Introduction Odronextamab, a CD20×CD3 bispecific antibody, showed compelling efficacy and generally manageable safety in patients (pts) with R/R B-NHL in ELM-2 (NCT03888105). Minimal residual disease (MRD), an exploratory endpoint of ELM-2, was initially assessed by ctDNA using the duplex CAPP-Seq method (AVENIO Oncology Assay NHL Test). Here, we evaluate MRD by ctDNA detected using phased variant tracking to determine whether this method more accurately predicts outcomes.
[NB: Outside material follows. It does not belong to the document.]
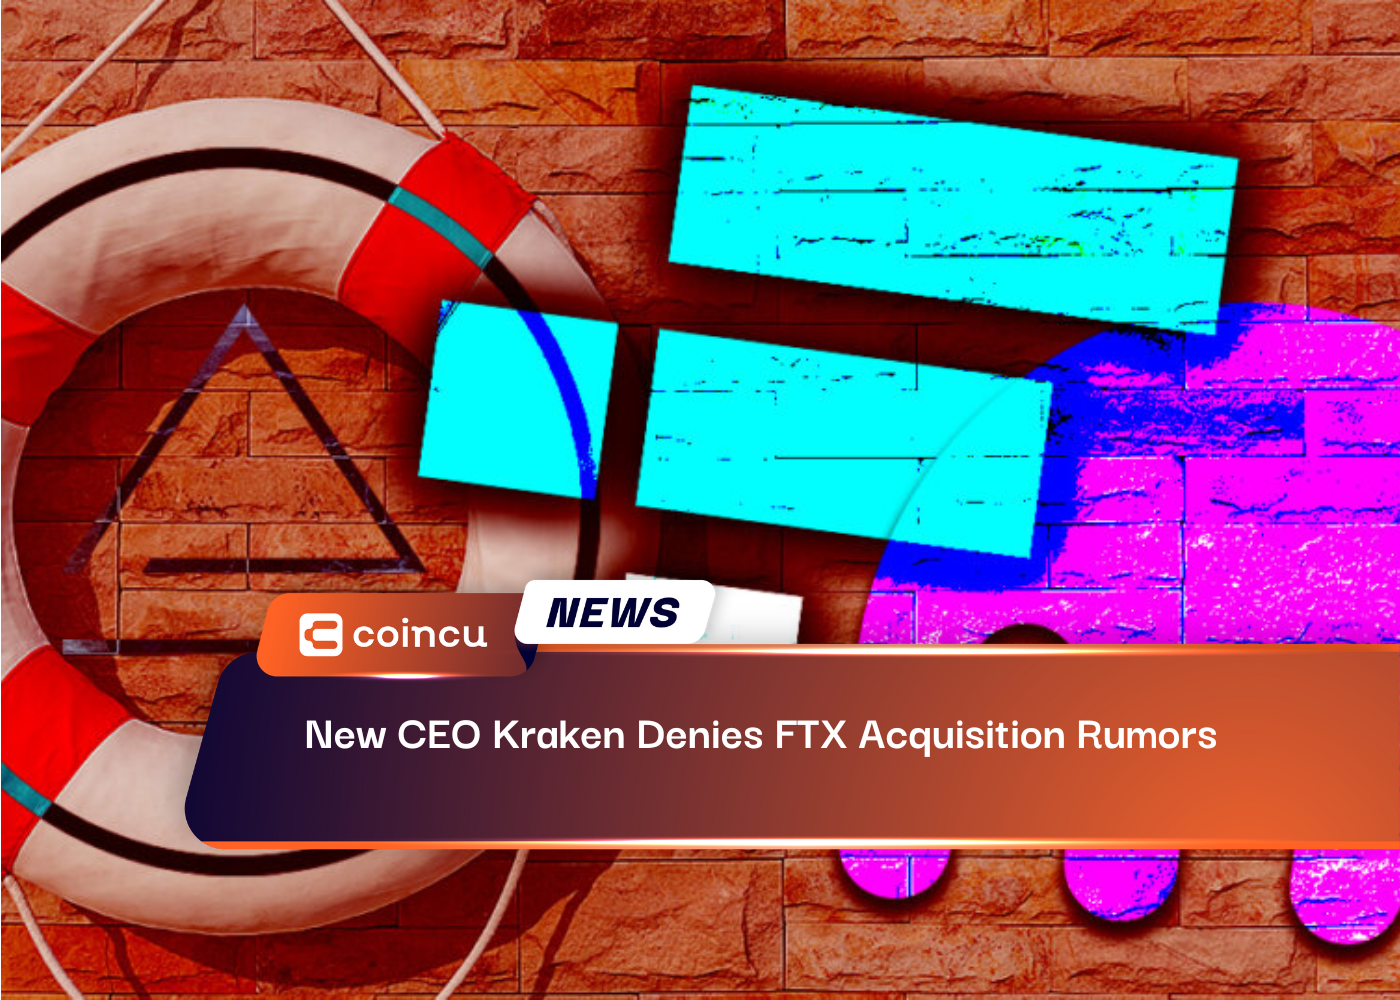 New CEO Kraken Denies FTX Acquisition Rumors

Methods Raw AVENIO ctDNA sequencing data from plasma samples of pts with R/R follicular lymphoma (FL) and R/R diffuse large B-cell lymphoma (DLBCL) in ELM-2 were re-analyzed to identify phased variants per Kurtz et al. (Nat Biotech 2021). Baseline (BL) tumor biopsies were not used to determine variants, reflecting realistic clinical sample availability. Phased variants were defined as 2 somatic mutations on the same DNA strand <170 bp apart. Triplet variants were not analysed. Identified BL phased variants had an allele frequency (AF) >1% (AF >0.2% for samples with no variants with AF >1%), but were filtered out if found in the germline sequence or in the healthy volunteer (HV) cell-free (cf)DNA blacklist (cfDNA was sequenced from 5 HVs). Remaining variants were “reporter phased variants”. The first on-treatment sample was taken at Week (Wk) 12 and used as a landmark to determine assay power in predicting clinical progression.

Results In evaluable pts with R/R FL (n=65), the median number (range) of duplex reporter variants per pt (102 [0–323]) correlated moderately (rho=0.61) with the number of phased reporter variants (42 [1–9943]) at BL. In evaluable pts with R/R DLBCL (n=86), the observed correlation was similar (rho=0.59), although a lower median number (range) of reporter variants was detected by duplex (148 [0–529]) vs phased (680 [1–9765]) at BL. The relative amount of ctDNA (mutant molecules per mL [MMPM]) correlated significantly between the 2 methods in both FL and DLBCL (rho=0.65 and 0.83, respectively). In 3 BL samples, ctDNA was undetectable by duplex, but detectable by phased (with 8, 24, and 92 reporter variants).

FL BL MMPM was highly predictive of progression-free survival (PFS) by both duplex and phased (HR: duplex 0.36 [95% CI 0.16–0.78] vs phased 0.33 [0.15–0.73]). This BL predicitivity was not observed in DLBCL.

Concordance between the 2 methods at Wk 12 was 66.7% in FL and 66.3% in DLBCL. Undetectable ctDNA at Wk 12 was strongly associated with longer PFS in FL by both duplex and phased, with similar HRs (0.31 with both methods) and median PFS (42.4 vs 41.2 mos from Wk 12, respectively). In DLBCL, phased slightly outperformed duplex (HR in pts with undetectable ctDNA: 0.32 vs 0.42, respectively).

When using Wk 12 ctDNA status to predict progressive disease (PD) (by Lugano criteria or given as reason for treatment discontinuation) the phased method showed a higher false negative rate in FL, with a sensitivity (true PD/all actual PD cases) of 0.52 (12/23) vs 0.83 (19/23) by duplex. Sensitivity was similar for both methods in DLBCL (duplex 0.80 [28/35] vs phased 0.77 [27/35]). Specificity (true non-PD/all actual non-PD cases) was slightly higher by phased (0.84 [31/37]) vs duplex (0.76 [28/37]) in FL, with this observation more pronounced in DLBCL (phased 0.7 [31/44] vs duplex 0.48 [20/42]) indicating a lower false positive rate with duplex.

Beyond Wk 12, 2 pts with FL had undetectable ctDNA by duplex yet detectable ctDNA by phased at all timepoints, while remaining progression-free at 2 and 4 yrs. In contrast, 2 pts with detectable ctDNA by duplex but undetectable ctDNA by phased were progression-free after 2 yrs. In DLBCL, discordance was observed in 3 pts who remained progression-free (1 pt with undetectable ctDNA by duplex but not by phased, and 2 pts with undetectable ctDNA by phased but not by duplex).

Conclusions ctDNA quantification by phased and duplex variant analysis correlated strongly, but ctDNA determination by phased did not consistently improve the power to predict PFS or PD. Phased method showed greater specificity in DLBCL, by better identifying pts with cleared ctDNA who did not progress, while the duplex method had greater sensitivity to identify FL pts who were ctDNA-positive and would later progress. Each approach has specific benefits, but both appear appropriate for MRD assessment, notably in pts with DLBCL. Further analyses of these methods across B-NHL subtypes are required to discern their relative advantages.